> **EXERCISE**
Drop the pictures and restate the rest of the listing word for word.

START RAW DATA

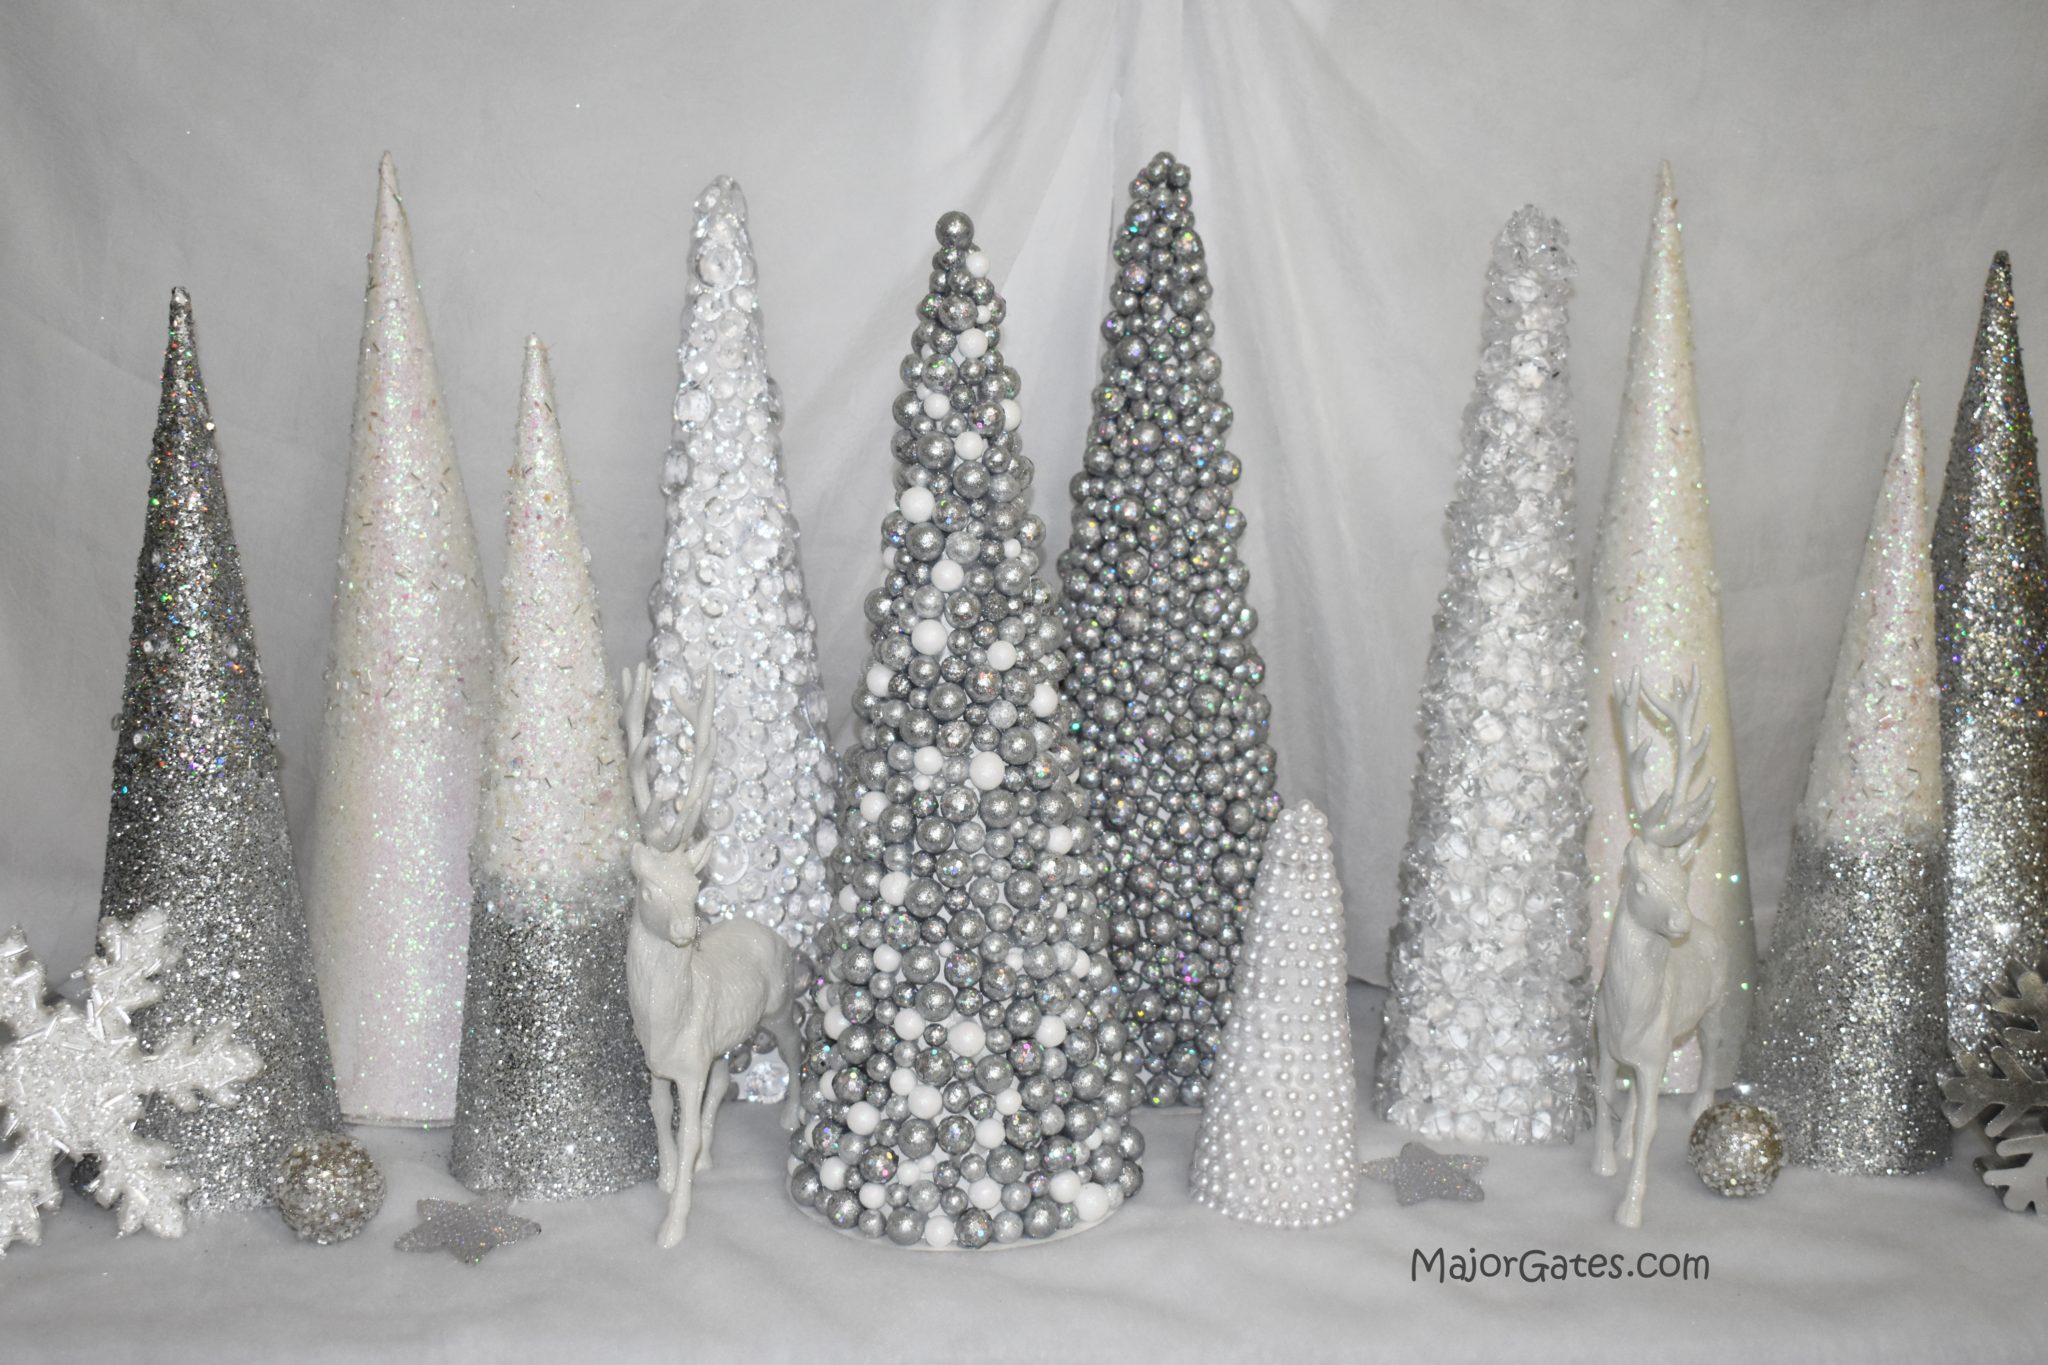 Christmas Polystyrene Cone Flat Foam Cone For Handmade Craft DIY
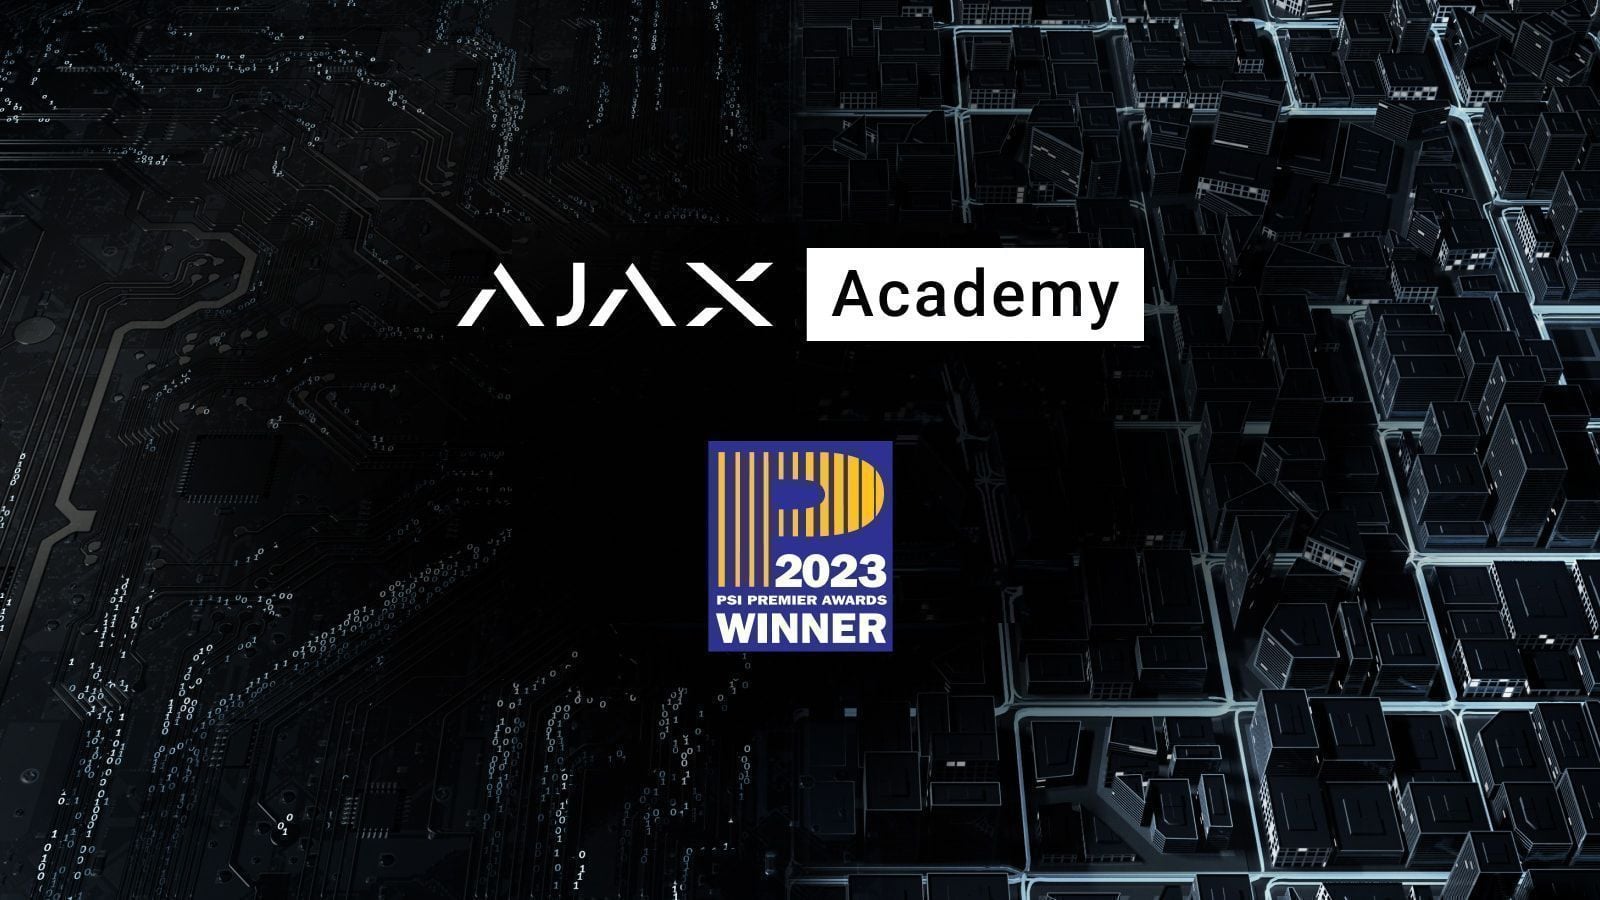 Ajax Academy gewinnt PSI Premier Awards 2023 als Hersteller-Trainingsprogramm des Jahres
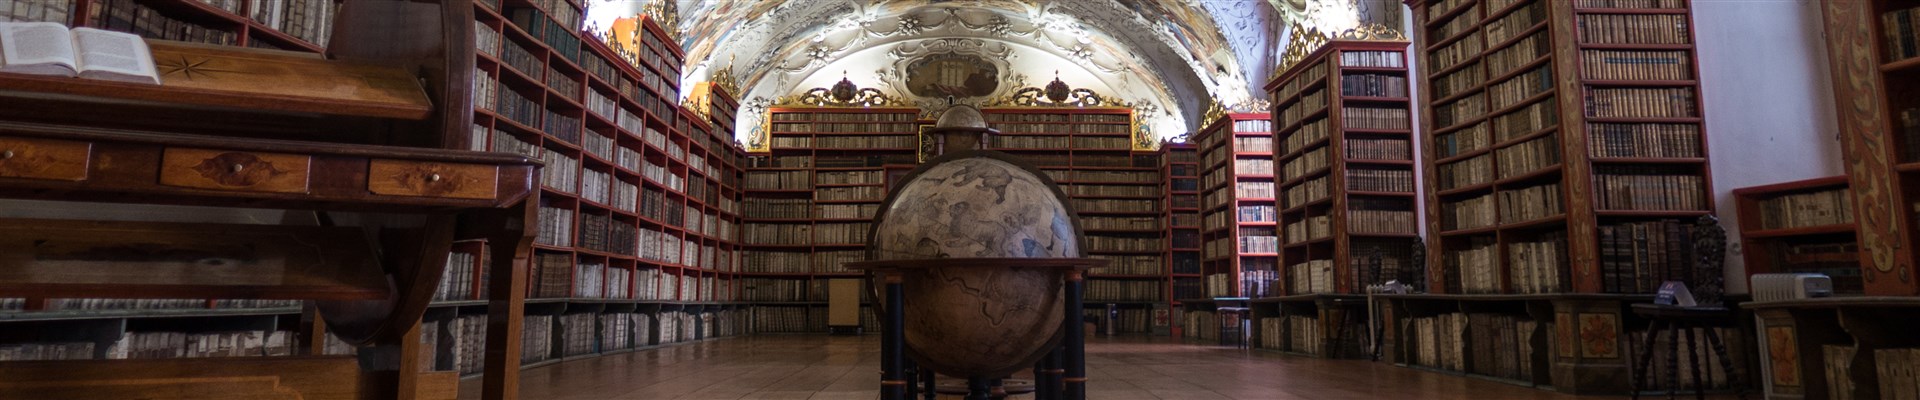 La Bibliothèque du monastère de Strahov - Avantgarde Prague
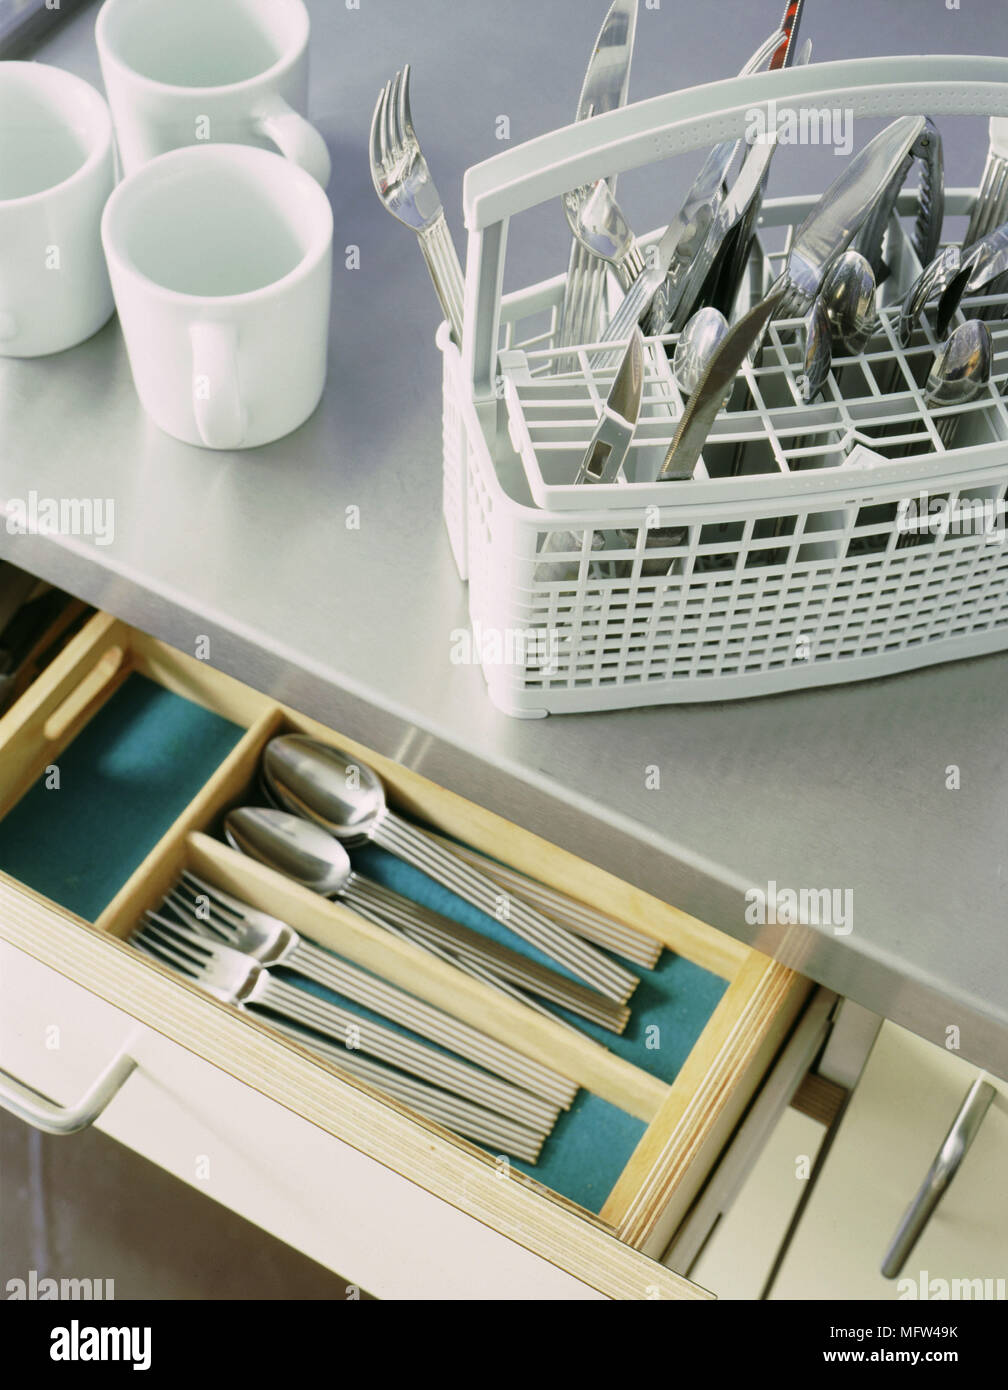 Un détail d'une cuisine moderne de travail en acier inoxydable haut de  couverts en plastique panier lave-vaisselle à tiroir ouvert trois tasses  blanc Photo Stock - Alamy

END RAW DATA

> **SOLUTION FOR THIS TASK**
 Christmas Polystyrene Cone Flat Foam Cone For Handmade Craft DIY
 Ajax Academy gewinnt PSI Premier Awards 2023 als Hersteller-Trainingsprogramm des Jahres
 La Bibliothèque du monastère de Strahov - Avantgarde Prague
 Un détail d'une cuisine moderne de travail en acier inoxydable haut de  couverts en plastique panier lave-vaisselle à tiroir ouvert trois tasses  blanc Photo Stock - Alamy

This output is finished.